Back to Day 1 of Ranger School I happily went. It wasn’t the least bit easier the second time around, but I was much more successful. I reached the final Florida Swap phase having passed every patrol in which I was evaluated. The rules changed in Florida though. Everyone had to successfully pass a leadership evaluation (get a go) in Florida regardless of how many other patrols were passed in the prior phases. Throughout the entire Florida phase, the cadre won’t tell any of us if we had passed or failed after each evaluation. After the leadership assignments for the last patrol were announced, everyone who was not put in charge sighed in relief. It is understood that the final patrol during Ranger School is given as a last chance to those who have not yet passed a patrol in the Florida, and everyone else has essentially earned their Ranger tab already. When the assignments were given, I was to be the weapons squad leader for that final patrol. Once again, it was do or die time for me.

Being in charge of the last patrol in Ranger School is a nightmare. Everybody was suffering from all the prior accumulated weeks from the lack of sleep and food. We were tired all over. The natural thing that everybody wanted to do was to curl up ball somewhere and wait for things to be over. Still, I was running around fueled by adrenaline alone, kicking and screaming trying to get everyone to wake up and do what they needed to do. Sure, that worked while I was kicking them, but as soon as I turned around, they went right back to sleep again. This turned out to be another one of those forks in the road for me. “Look guys, I know you are hungry, tried, and can’t wait for this to be over. And all of you already have your Ranger tab, but now I’m asking you to help me get mine,” I said. That worked so much better than kicking and screaming. Many leaders never learn that. So many ascribe to the weak leadership philosophy that essential says, “do what I say because I’m in the boss, or else.” Ranger school taught me many years ago that a good leader inspires cooperation rather than depending on coercion. 

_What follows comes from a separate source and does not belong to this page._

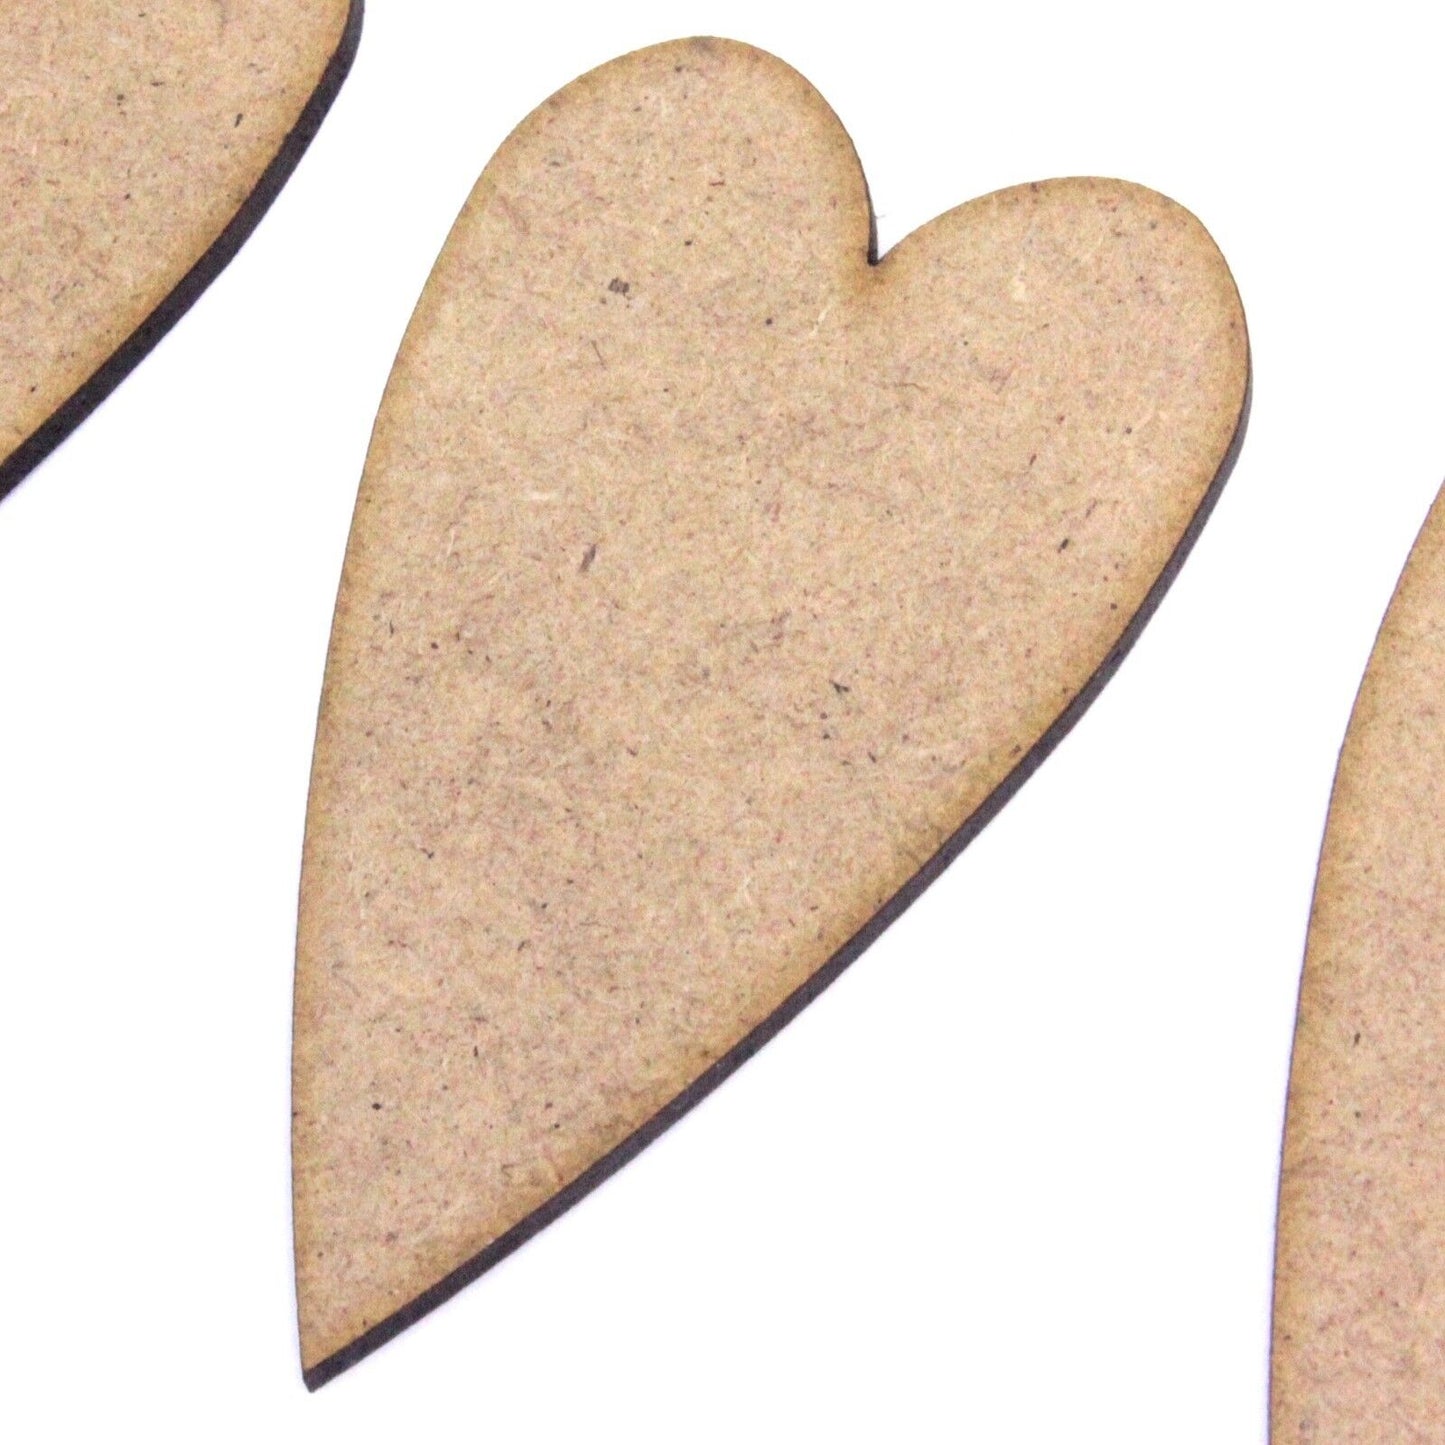 Long Heart Craft Shape, Various Sizes, 2mm MDF Wood. Elongated, Rustic,Primitive

When we the reached the objective on that final patrol, one of my ammunition bearers left the machine gun ammunition back on the boat. I was the weapons squad leader and when the gun ran dry, I got the no-go for a lack of supervision. Turns out it really didn’t matter though. I had already gotten a go from my first patrol in the Florida phase. In fact, everyone in the squad was tabbed out before that last patrol. However, somebody had to be put in charge of that final patrol. Why they chose me I will never know. I wasn’t so happy about it back then, but I wouldn’t change a bit of it now. 

Why is Ranger School the best leadership school in the world? Always over deliver! Whatever your hands find to do, do it better than you have to. Be it a butcher, baker, or candlestick maker, the job itself is less important than how well you do it. Some have very prestige jobs while others not so much. Mere window dressing compared to what really matters from the two-day old employee all the way up to the CEO. Doing what you do well is the one important thing, and there is honor in all honest work well done. Knowing this is the beginning of lasting freedom, and being able to inspire it in others is real leadership. Just one place on earth to learn all that in only a few short months, and that’s the US Army Ranger School. Happy Juneteenth everyone.

3 thoughts on “My Juneteenth Like Epiphany at Ranger School

  1. These are the stories at 16 I wish you could have shared with me. This is a very good message. I too have experienced and learned all of this as well. There is definitely a difference between being a boss and leader. Life isn’t going to always be fair and that can sometimes be a hard pill to swallow. We must strive to be the best version of ourselves. I do believe some people are natural born leaders. I love inspiring others, and I love to see folks do their best. Sometimes just being a better version of ourselves is great inspiration to others.